● Supplied data
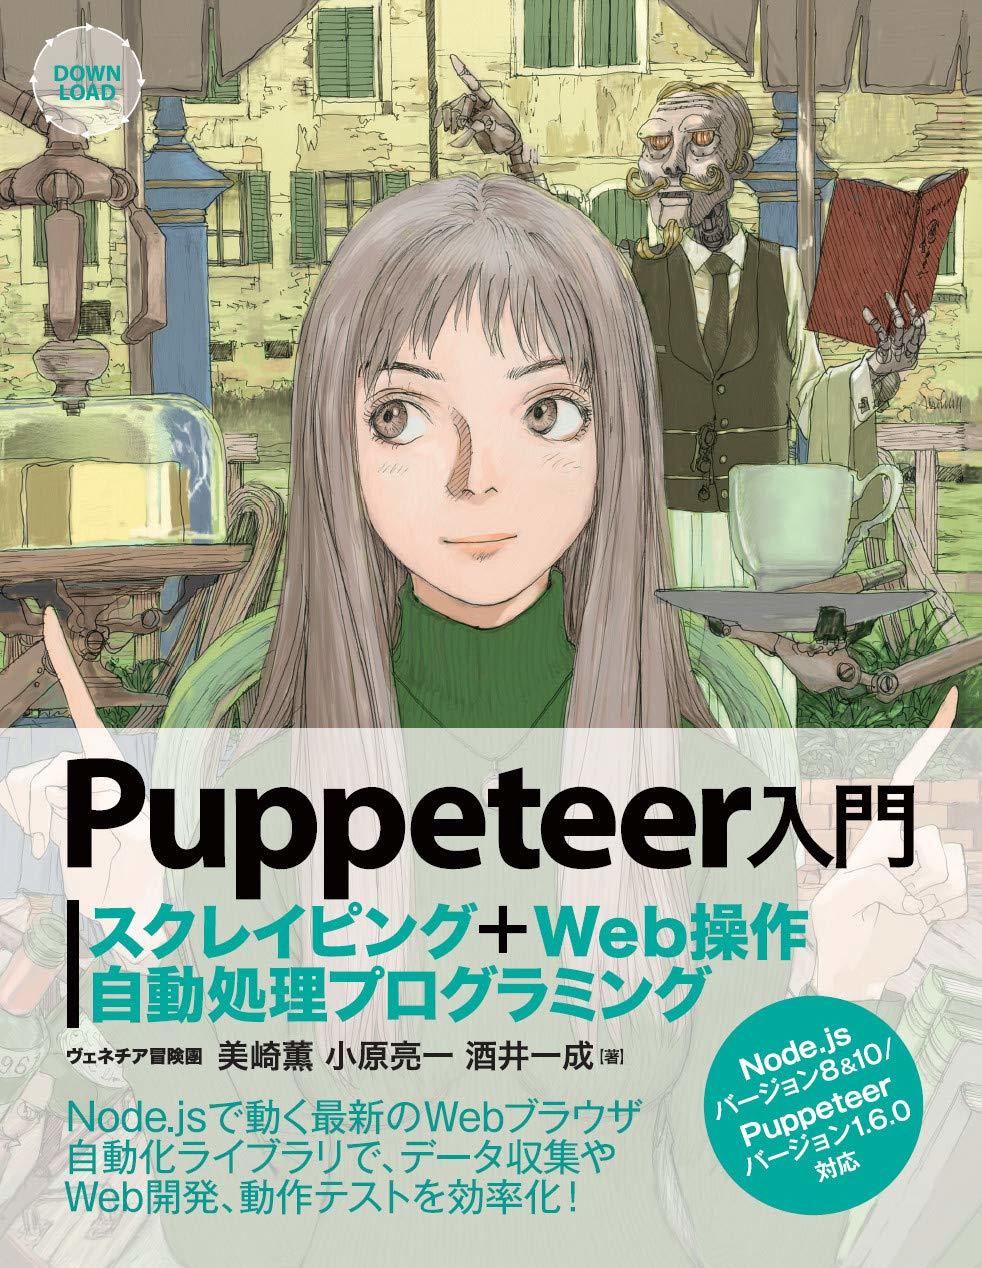 「Puppeteer入門 スクレイピング+Web操作自動処理プログラミング」

鶴田謙二の...
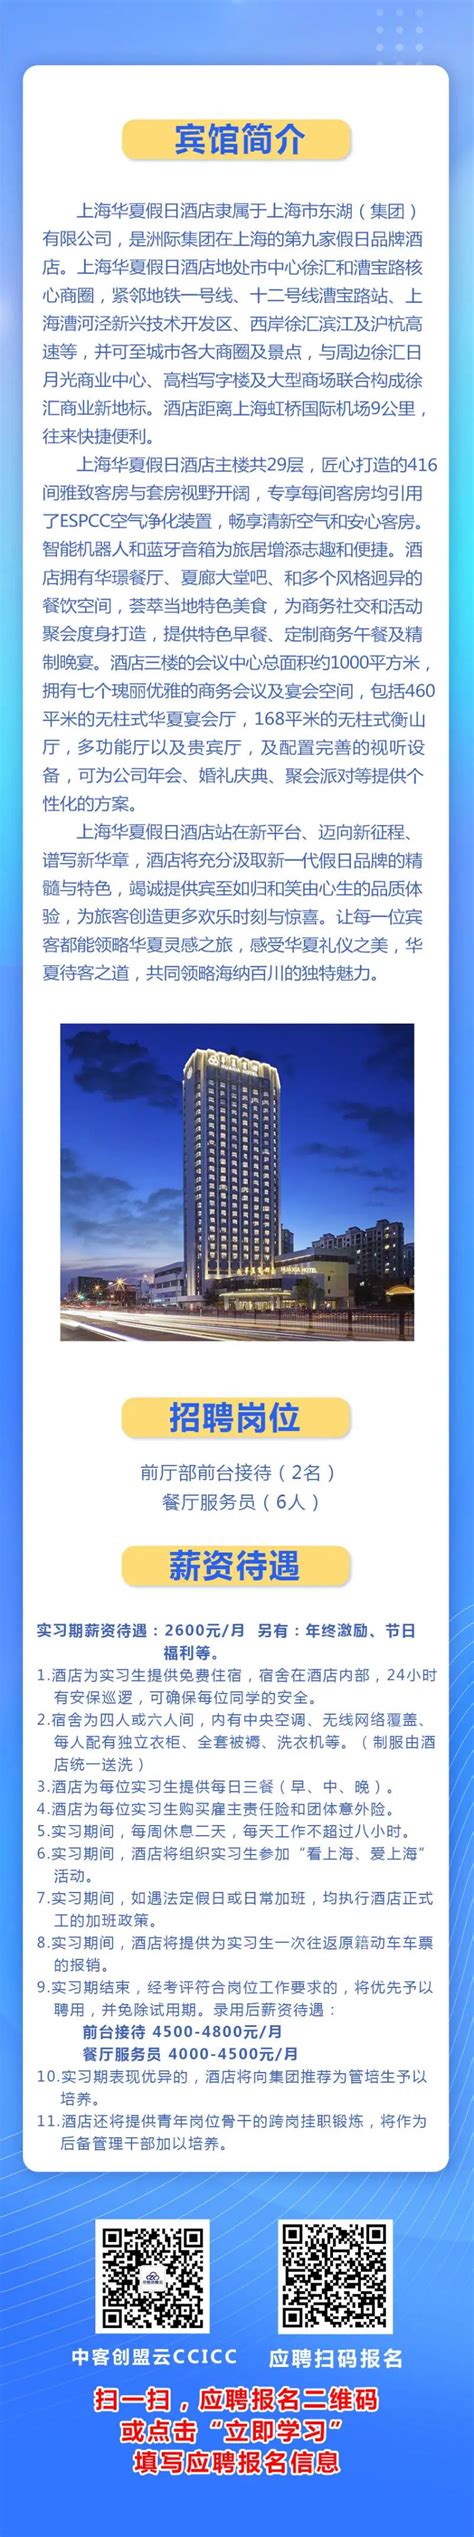 上海华夏假日酒店招聘-就业创业在线--新乡工程学院

● Problem description
In the copy, include no pictures; restate the listing above exactly.

● Completed exercise
 「Puppeteer入門 スクレイピング+Web操作自動処理プログラミング」

鶴田謙二の...
 上海华夏假日酒店招聘-就业创业在线--新乡工程学院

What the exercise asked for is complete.